In Paris, St. Médard,  hielt die Predigt nicht der Erzbischof, sondern ein Pater des Klosters, in dem Jacques Gaillot viele Jahre in einem Zimmer lebte, es war Pater Franz Lichté aus dem Orden der „Väter vom heiligen Geist“ („Spiritaner“). Sein Thema war die biblische Erzählung vom „barmherzigen Samariter“. Die katholische Wochenzeitung in Paris „La Vie“ beschreibt die Messe dort als schlichte, einfache, ergreifende, aber durchaus „familiäre“ Feier.

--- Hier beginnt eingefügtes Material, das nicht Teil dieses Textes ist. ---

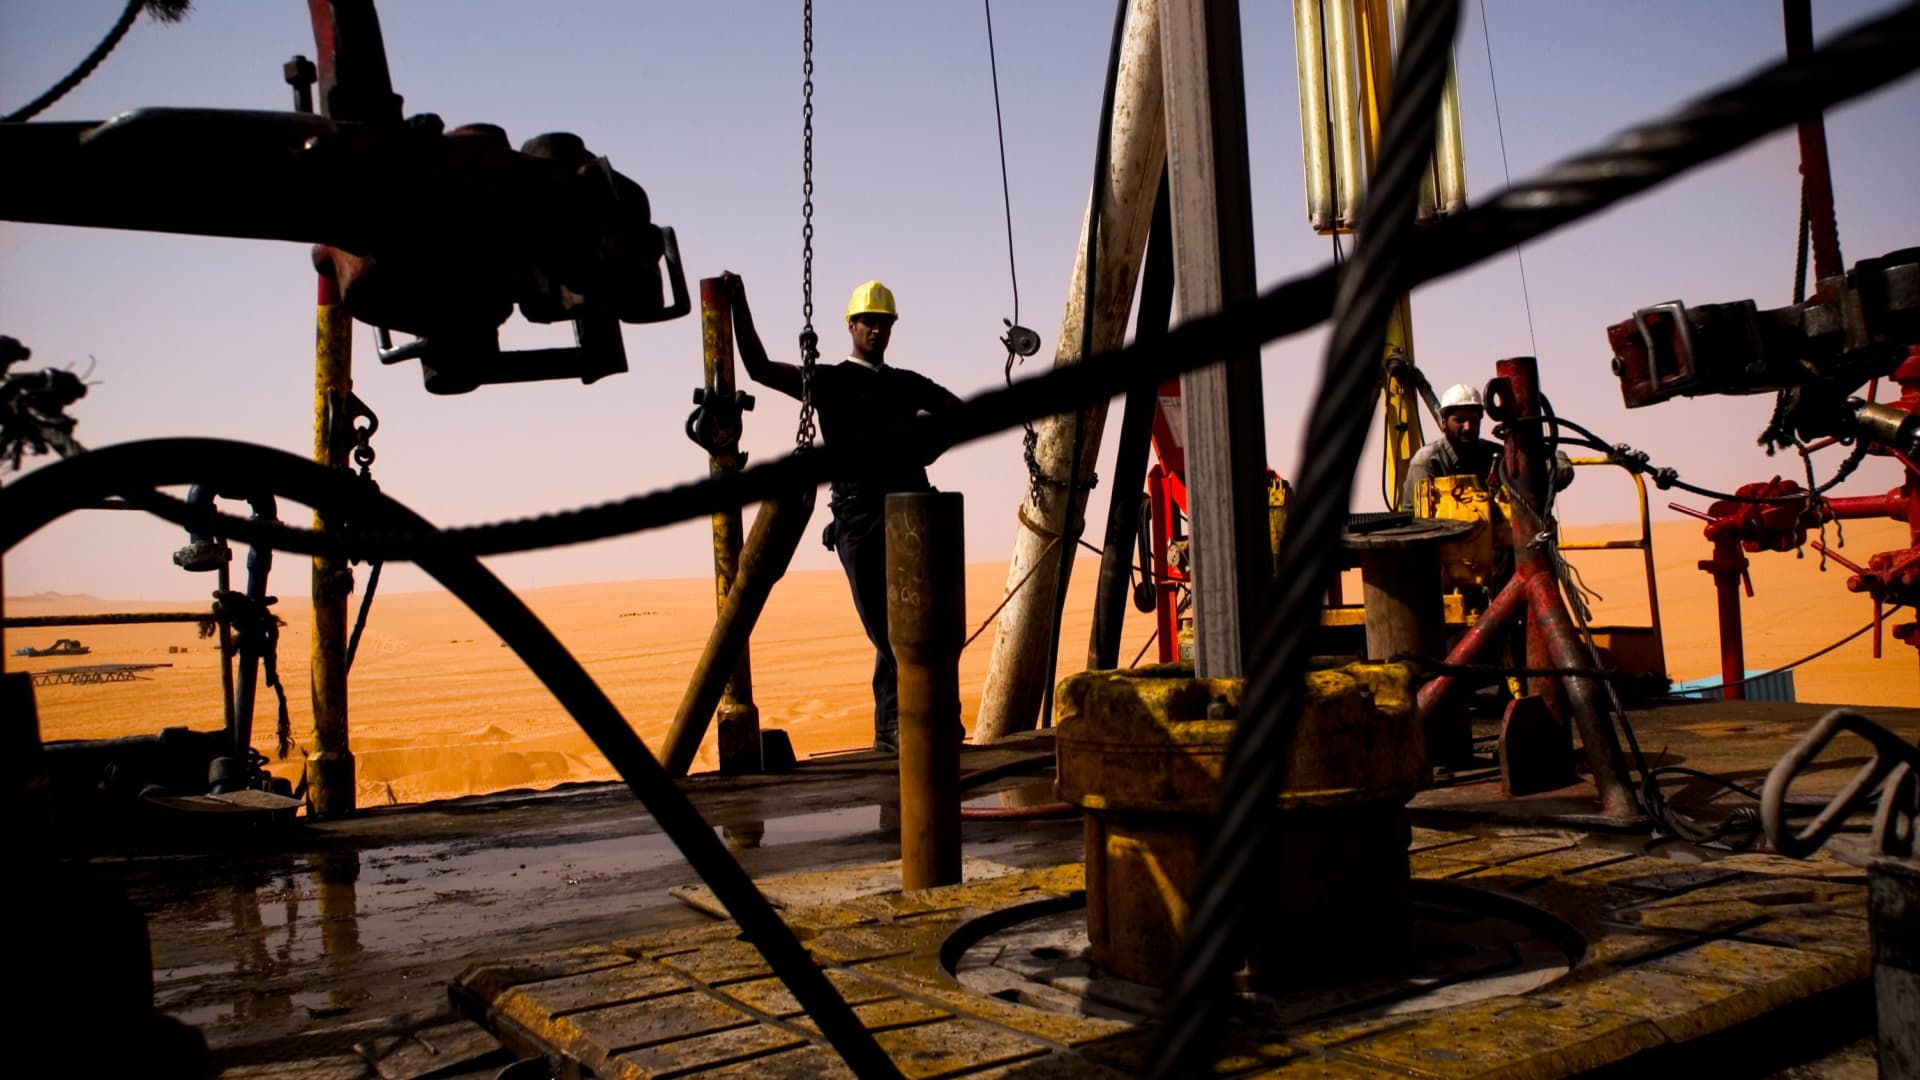 Ceny ropy są stabilne, ponieważ inwestorzy rozważają ponowne uruchomienie libijskich pól naftowych i napięcia na Bliskim Wschodzie

Leider war es für die Pariser schwierig, überhaupt von diesem „offiziellen katholischen Abschied“ zu erfahren. LINK.

Am 19. 4. wurde auch in Gaillots Heimatstadt St.Dizier (bei Langres) eine Gedenkmesse gefeiert.

3. Eine letzte Tat der Freiheit: Die anonyme Bestattung Bischof Gaillots
Die Bestattung ist ungewöhnlich und sicher bisher einmalig für einen katholischen Bischof, aber durchaus typisch für die Spiritualität von Jacques Gaillot: Er will auch als Verstorbener frei bleiben, ungewöhnliche, aber eigene Entscheidungen treffen und über seinen toten Körper noch frei verfügen.

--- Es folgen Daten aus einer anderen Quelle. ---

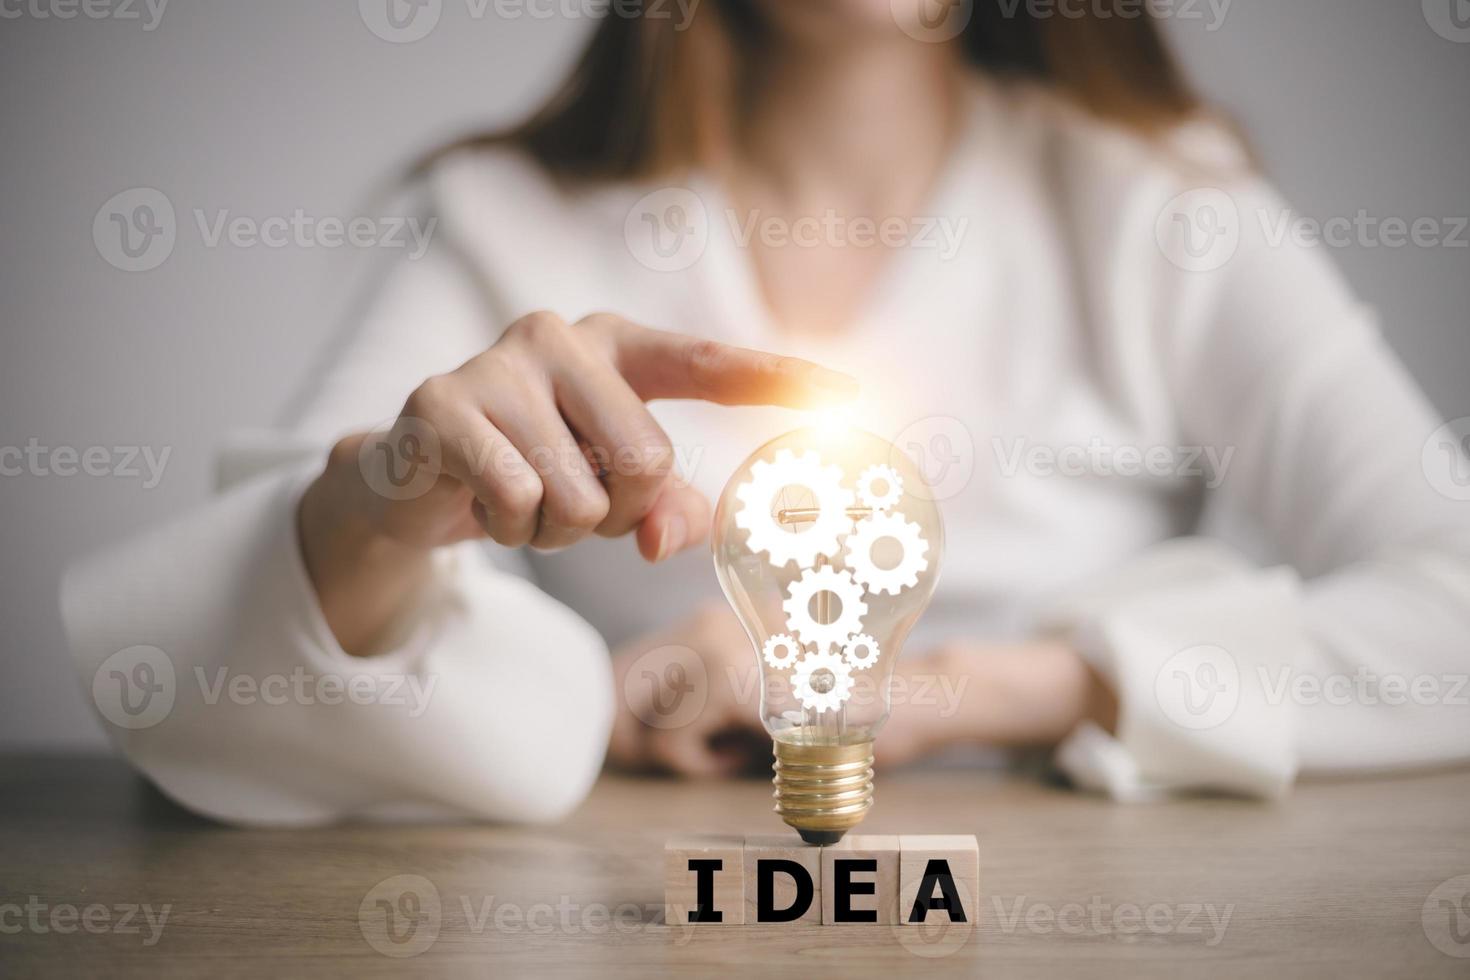 mão tocando na lâmpada no bloco de madeira com ideia de palavra, novo conceito de ideia com inovação e inspiração, tecnologia inovadora no conceito de ciência e comunicação. foto

Bischof Jacques Gaillot hat verfügt, dass sein toter Körper dem „Institut der Anatomie“ in Paris zur Forschung übergeben werden soll. Das hatte Bischof Gaillot schon in einem Fernsehinterview angekündigt. Die Reste seines Körpers sollen, in Asche verwandelt, anonym auf dem “Friedhof der Armen” in Paris verstreut werden.

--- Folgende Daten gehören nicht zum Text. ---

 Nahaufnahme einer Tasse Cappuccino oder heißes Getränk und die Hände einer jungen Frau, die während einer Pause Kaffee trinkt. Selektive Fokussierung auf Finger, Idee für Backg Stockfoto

4. Hommage à Jacques Gaillot am 4.Juni 2023

Am Sonntag, dem 4. Juni 2023 um 15 Uhr findet auf dem Platz Saint Germain des Prés in Paris (6. Arr.) eine öffentliche Ehrung Jacques Gailotts statt.  Der Titel der Veranstaltung “Eveque militant, Eveque des `Sans`” (Ein militanter Bischof, ein Bischof der Menschen OHNE…Wohnung, Passport, Rechte usw.) Eingeladen dazu haben viele Organisationen, wie die linke katholische Wochenzeitung aus der Résistance “Témoignage Chrétien”, Droits devant, Droit au logement und so weiter…Nach seiner Absetzung als Bischof von Evreux nannte sich Jacques Gaillot sehr treffend “ein Bischof ohne festen Wohnsitz”, sans domicile fixe, “SDF” war und ist die übliche Abkürzung für Obdachlose. Bischof Gaillot fand zunächst Unterkunft in einem besetzten Haus in der Rue du Dragon, ganz in der Nähe von St. Germain des Prés…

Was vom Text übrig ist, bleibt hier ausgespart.